Images of the brain may be obtained through several different systems which provide different information about the brain’s integrity and status. Computed Tomography (CT), Magnetic Resonance Imaging (MRI) and Positron Emission Tomography (PET) may each aid the monitoring of the neurodegenerative process through loss of brain volume, increases in the size of the ventricles, and the brain’s activity.
The Alzheimer’s brain tissue (left) reflects the loss of cellular structure, increased cavities and reduced activity when compared to a normal tissue (right).
During the early stages of Alzheimer’s disease, the loss of cellular integrity may not be sufficient to be detected by such imaging techniques. Therefore, they are not routinely included in early diagnostic testing although, they are of value in excluding other neurological problems such as brain tumours or mini-strokes.
Examination of brain tissue for the presence of plaques and tangles (the key features of Alzheimer’s disease) can rarely be justified due to the risk of causing additional cognitive impairment to the individual.
Analysing cerebrospinal fluid (CSF) located in brain’s cavities provides information regarding the status of the brain’s neurochemical breakdown products. The breakdown products of tau protein, one of the two major proteins intrinsic to the disease, are known to be present at a higher level in the CSF of Alzheimer’s disease patients than their age matched counterparts. However, to obtain a sample for analyses requires a lumbar puncture which can be both invasive and unpleasant.

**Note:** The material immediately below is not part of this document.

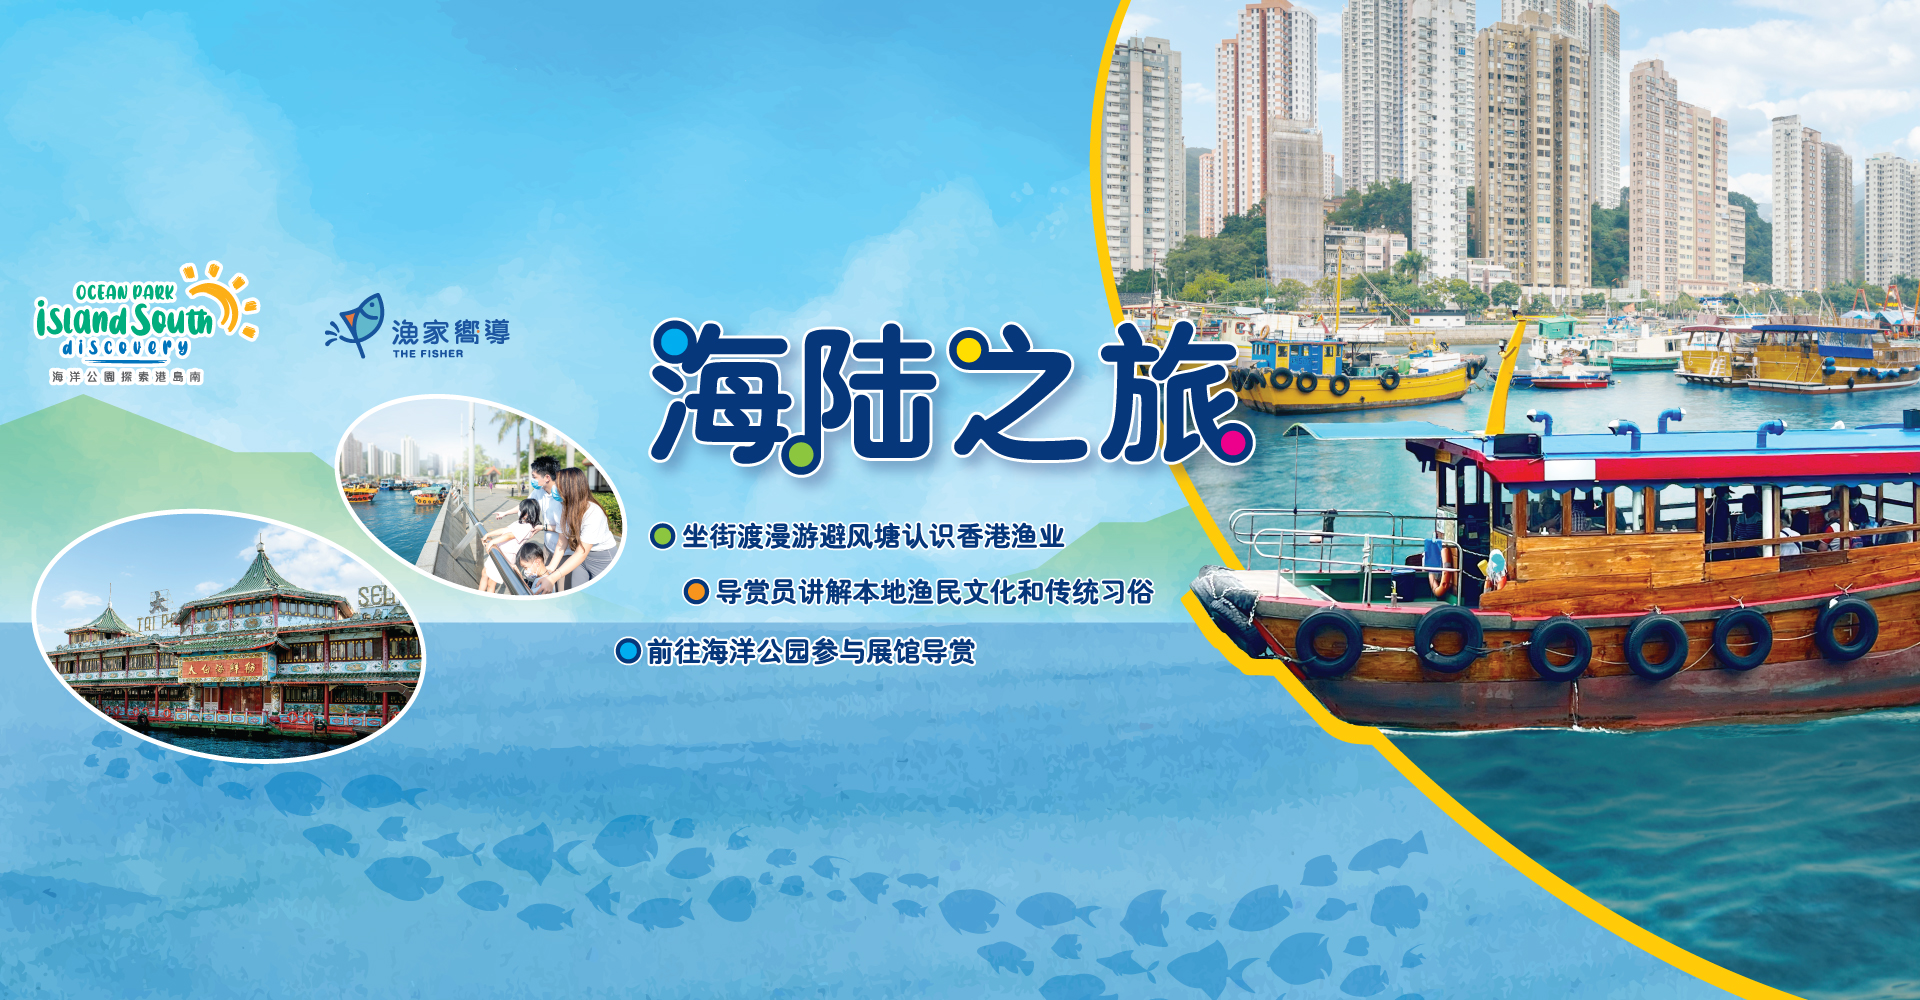 http://media.oceanpark.com.hk/files/s3fs-public/land-sea-guided-tour-innerpage-banner-desktop-sc.jpg

Breakdown products of tau and beta-amyloid are reported to correlate with the presence of a compound known as isoprostane eliminated from the body via urine. Studies have demonstrated that the level of isoprostane is elevated in the urine of Alzheimer’s disease sufferers. However, whether or not it is sufficiently sensitive to provide a reliable diagnostic test remains to be seen.
Eye drops which highlight diseased cells, show that the amount of damage to cells in the retina directly corresponds with brain cell death and that there is a pattern of retinal cell death characteristic of Alzheimer's Disease. This research indicates that cells start to die 10 to 20 years before the symptoms of the disease become evident. If verified, this test would permit people to be screened in middle age for signs of the disease and treatments to be prescribed before cognitive function became impaired.